(Stored records)
____

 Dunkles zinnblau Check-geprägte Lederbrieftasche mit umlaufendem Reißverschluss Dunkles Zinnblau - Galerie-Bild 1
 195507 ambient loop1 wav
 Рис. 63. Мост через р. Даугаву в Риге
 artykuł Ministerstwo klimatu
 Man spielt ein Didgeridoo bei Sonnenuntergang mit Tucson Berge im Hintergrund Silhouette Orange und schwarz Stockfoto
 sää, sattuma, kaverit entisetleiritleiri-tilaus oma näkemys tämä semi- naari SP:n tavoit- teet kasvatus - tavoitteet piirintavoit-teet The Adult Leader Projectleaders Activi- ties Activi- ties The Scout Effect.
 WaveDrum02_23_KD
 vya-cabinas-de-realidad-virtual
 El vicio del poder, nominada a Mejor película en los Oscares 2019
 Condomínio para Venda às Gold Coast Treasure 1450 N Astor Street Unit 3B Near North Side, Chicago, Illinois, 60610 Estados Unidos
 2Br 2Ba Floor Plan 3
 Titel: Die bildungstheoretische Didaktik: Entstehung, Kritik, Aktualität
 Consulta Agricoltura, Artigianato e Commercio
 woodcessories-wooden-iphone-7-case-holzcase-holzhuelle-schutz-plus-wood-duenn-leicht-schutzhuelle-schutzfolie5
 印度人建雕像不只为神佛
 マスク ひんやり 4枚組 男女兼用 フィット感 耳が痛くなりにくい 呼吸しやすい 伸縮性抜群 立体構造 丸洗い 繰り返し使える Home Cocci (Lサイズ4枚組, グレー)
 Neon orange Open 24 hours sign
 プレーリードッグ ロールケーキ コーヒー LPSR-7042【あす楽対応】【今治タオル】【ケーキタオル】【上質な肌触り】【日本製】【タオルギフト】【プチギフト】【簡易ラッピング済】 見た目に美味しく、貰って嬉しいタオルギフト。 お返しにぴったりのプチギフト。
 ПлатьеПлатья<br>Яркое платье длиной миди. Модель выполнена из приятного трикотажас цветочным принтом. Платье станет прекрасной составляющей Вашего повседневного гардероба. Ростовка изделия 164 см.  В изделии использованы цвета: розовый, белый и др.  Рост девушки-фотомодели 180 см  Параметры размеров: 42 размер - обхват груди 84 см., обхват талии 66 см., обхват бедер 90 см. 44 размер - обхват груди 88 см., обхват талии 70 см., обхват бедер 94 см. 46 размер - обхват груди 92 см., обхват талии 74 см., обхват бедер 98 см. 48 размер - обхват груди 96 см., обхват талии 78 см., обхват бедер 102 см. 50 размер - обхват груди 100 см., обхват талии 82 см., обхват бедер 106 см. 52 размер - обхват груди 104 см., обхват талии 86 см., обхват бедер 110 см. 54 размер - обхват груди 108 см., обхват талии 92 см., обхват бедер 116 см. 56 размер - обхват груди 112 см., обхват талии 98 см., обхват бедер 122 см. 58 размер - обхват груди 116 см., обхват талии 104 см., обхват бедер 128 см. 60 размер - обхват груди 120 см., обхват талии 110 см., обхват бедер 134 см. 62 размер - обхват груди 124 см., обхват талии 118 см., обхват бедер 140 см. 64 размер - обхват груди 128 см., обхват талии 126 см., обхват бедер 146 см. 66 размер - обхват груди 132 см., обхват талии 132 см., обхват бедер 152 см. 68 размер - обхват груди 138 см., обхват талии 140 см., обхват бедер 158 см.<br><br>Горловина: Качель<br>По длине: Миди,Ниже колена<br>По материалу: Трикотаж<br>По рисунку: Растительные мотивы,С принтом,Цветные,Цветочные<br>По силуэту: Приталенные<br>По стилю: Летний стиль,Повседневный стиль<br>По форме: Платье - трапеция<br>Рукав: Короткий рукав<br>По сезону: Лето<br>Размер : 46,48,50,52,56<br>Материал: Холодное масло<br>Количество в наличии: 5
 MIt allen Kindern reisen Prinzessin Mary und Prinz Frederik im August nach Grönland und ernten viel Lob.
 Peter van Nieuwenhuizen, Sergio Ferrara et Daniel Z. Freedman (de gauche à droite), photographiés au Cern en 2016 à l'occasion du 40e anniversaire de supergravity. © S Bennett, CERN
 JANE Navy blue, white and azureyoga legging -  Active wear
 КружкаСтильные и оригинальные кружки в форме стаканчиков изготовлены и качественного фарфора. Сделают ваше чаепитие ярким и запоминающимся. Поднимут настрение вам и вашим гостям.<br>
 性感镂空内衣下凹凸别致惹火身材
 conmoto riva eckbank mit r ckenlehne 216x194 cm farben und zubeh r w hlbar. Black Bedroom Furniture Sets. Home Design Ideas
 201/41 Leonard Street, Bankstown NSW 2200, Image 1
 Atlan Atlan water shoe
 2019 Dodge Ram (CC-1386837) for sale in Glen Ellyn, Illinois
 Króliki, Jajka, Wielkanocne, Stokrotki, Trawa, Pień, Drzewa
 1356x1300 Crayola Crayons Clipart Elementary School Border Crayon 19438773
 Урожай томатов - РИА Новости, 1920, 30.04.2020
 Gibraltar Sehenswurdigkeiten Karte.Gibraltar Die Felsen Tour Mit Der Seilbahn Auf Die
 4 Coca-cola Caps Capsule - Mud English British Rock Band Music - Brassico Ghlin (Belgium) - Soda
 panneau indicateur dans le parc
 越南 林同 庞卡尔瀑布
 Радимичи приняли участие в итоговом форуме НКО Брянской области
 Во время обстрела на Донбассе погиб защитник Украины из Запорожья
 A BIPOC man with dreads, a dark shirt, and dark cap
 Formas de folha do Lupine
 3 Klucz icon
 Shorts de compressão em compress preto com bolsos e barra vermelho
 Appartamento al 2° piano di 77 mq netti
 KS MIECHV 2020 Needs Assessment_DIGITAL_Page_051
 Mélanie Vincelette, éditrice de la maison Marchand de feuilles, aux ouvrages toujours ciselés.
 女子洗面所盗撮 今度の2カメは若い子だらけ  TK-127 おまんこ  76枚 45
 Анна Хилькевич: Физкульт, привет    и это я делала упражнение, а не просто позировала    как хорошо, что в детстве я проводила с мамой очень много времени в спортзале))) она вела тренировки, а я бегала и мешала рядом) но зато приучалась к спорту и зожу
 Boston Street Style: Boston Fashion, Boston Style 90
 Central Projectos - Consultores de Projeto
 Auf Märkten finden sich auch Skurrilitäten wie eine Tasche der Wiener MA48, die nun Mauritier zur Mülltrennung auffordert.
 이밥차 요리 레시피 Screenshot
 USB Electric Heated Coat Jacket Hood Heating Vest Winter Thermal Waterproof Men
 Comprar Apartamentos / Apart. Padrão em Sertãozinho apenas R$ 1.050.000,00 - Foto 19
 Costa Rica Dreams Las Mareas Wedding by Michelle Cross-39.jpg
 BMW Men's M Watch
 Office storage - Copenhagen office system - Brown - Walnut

____

Lines with "Street" in the records above: copy every one of them.

 Condomínio para Venda às Gold Coast Treasure 1450 N Astor Street Unit 3B Near North Side, Chicago, Illinois, 60610 Estados Unidos
 201/41 Leonard Street, Bankstown NSW 2200, Image 1
 Boston Street Style: Boston Fashion, Boston Style 90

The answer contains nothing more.